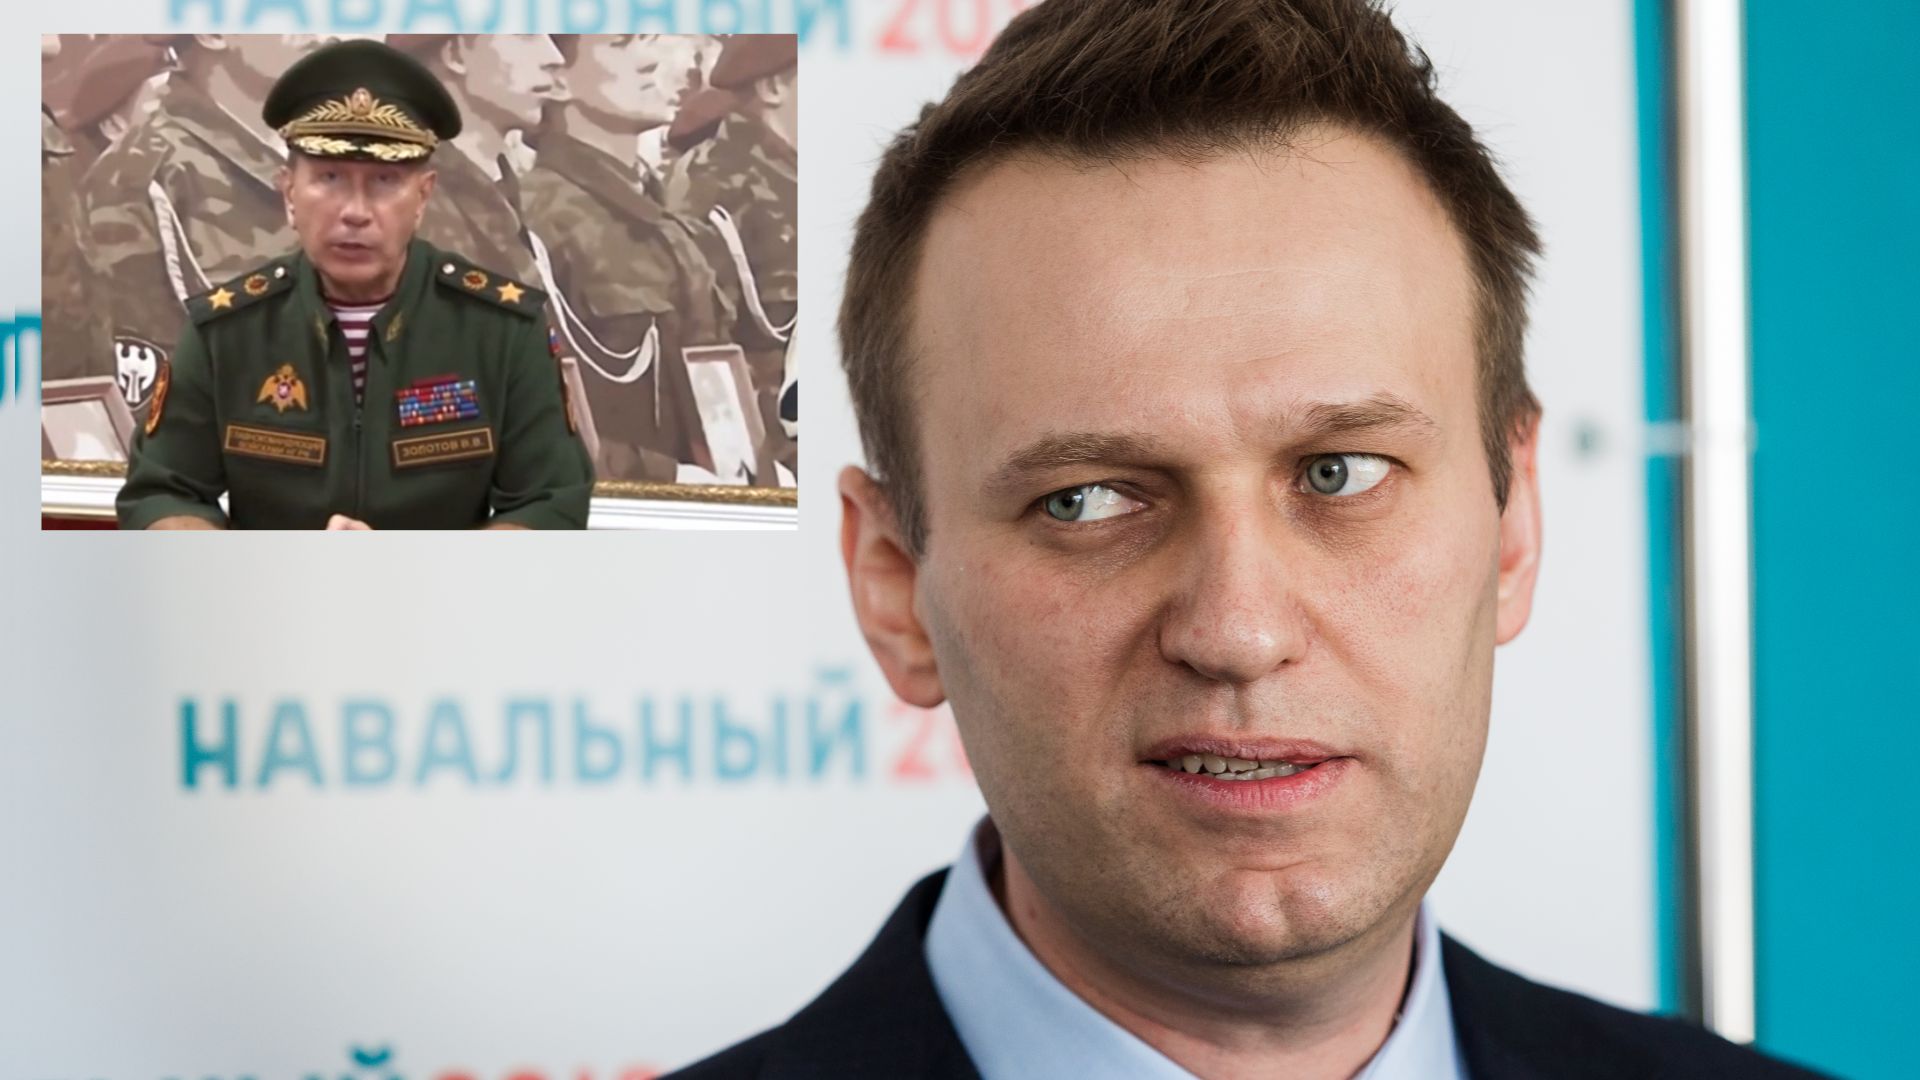 Съд отхвърли иск за клевета от бивш бодигард на Путин срещу Навални
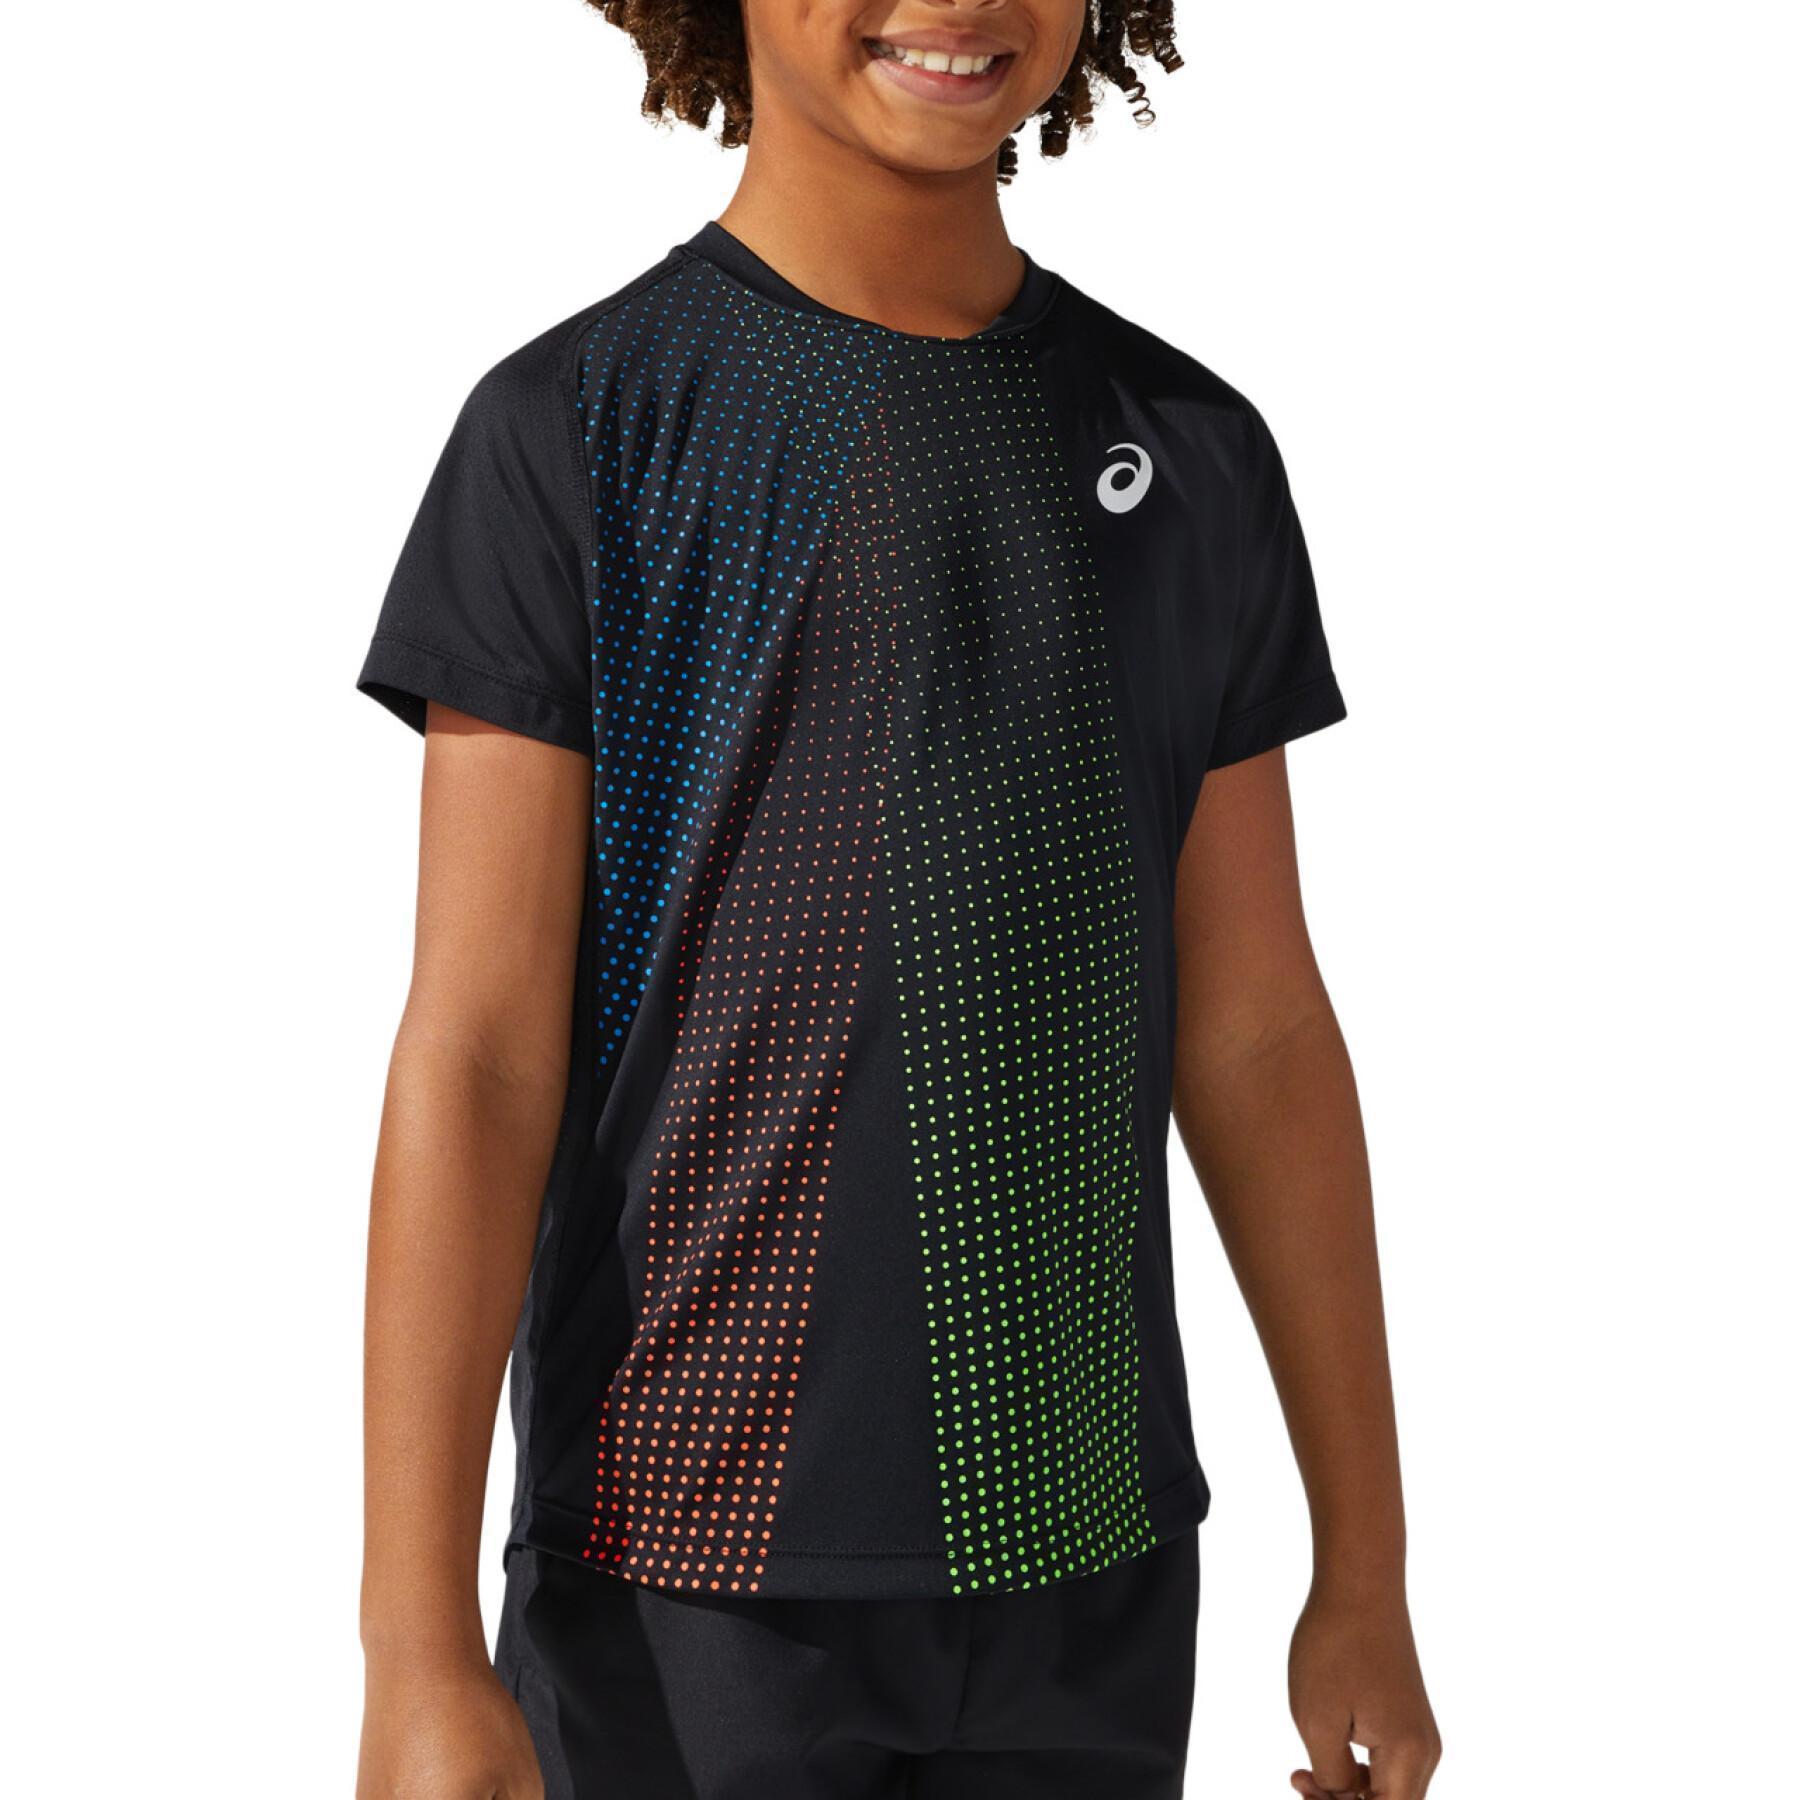 T-shirt sem mangas criança Asics Boys Tennis Graphic
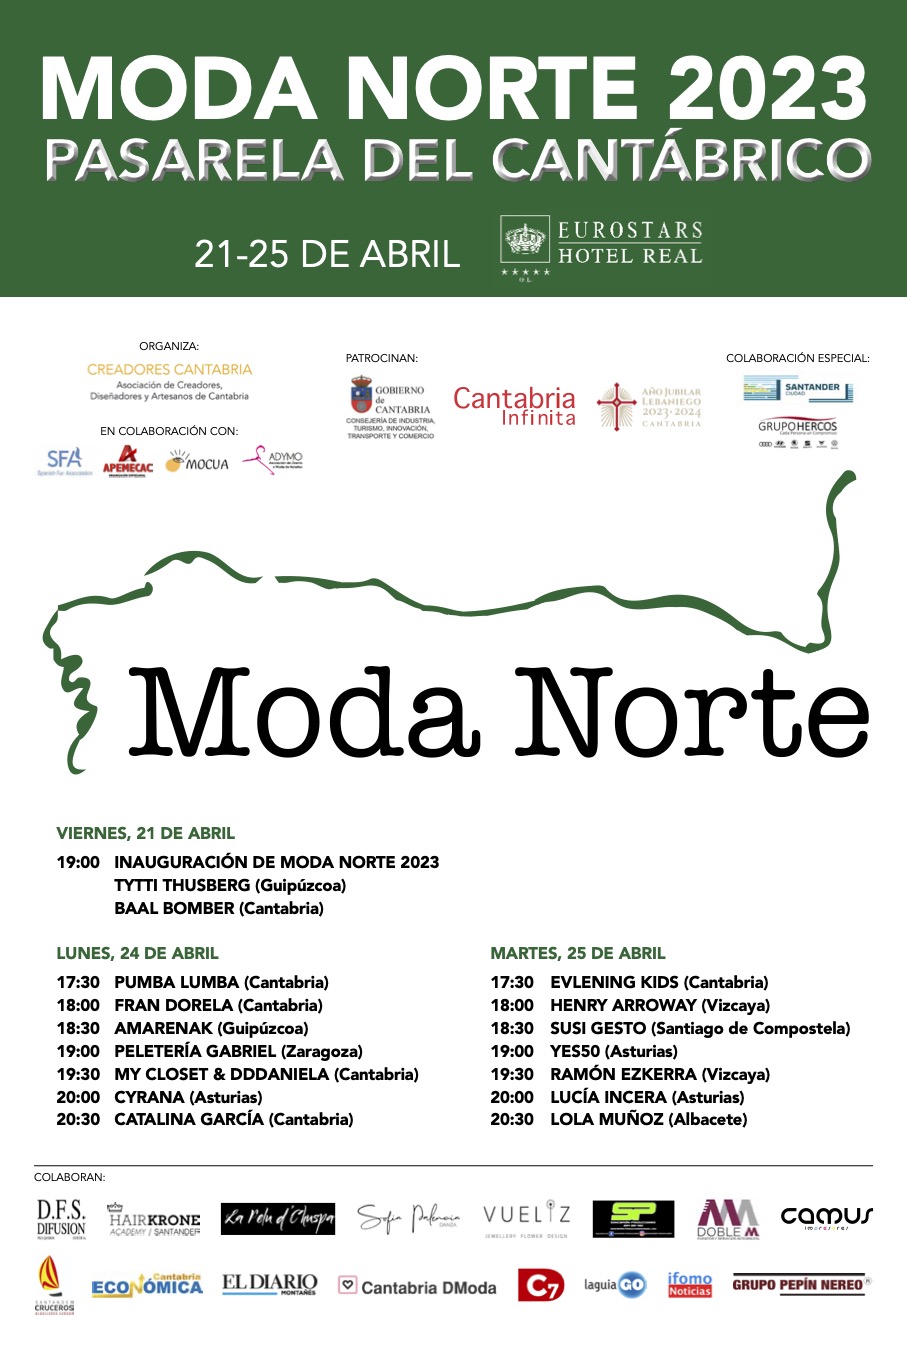 Moda Norte 2023 se celebrará del 21 al 25 de abril en el Hotel Real de Santander

■ Exercise goal:
Drop the pictures and reproduce the rest of the data exactly.

■ Response below:
 Съд отхвърли иск за клевета от бивш бодигард на Путин срещу Навални
 T-shirt sem mangas criança Asics Boys Tennis Graphic
 Moda Norte 2023 se celebrará del 21 al 25 de abril en el Hotel Real de Santander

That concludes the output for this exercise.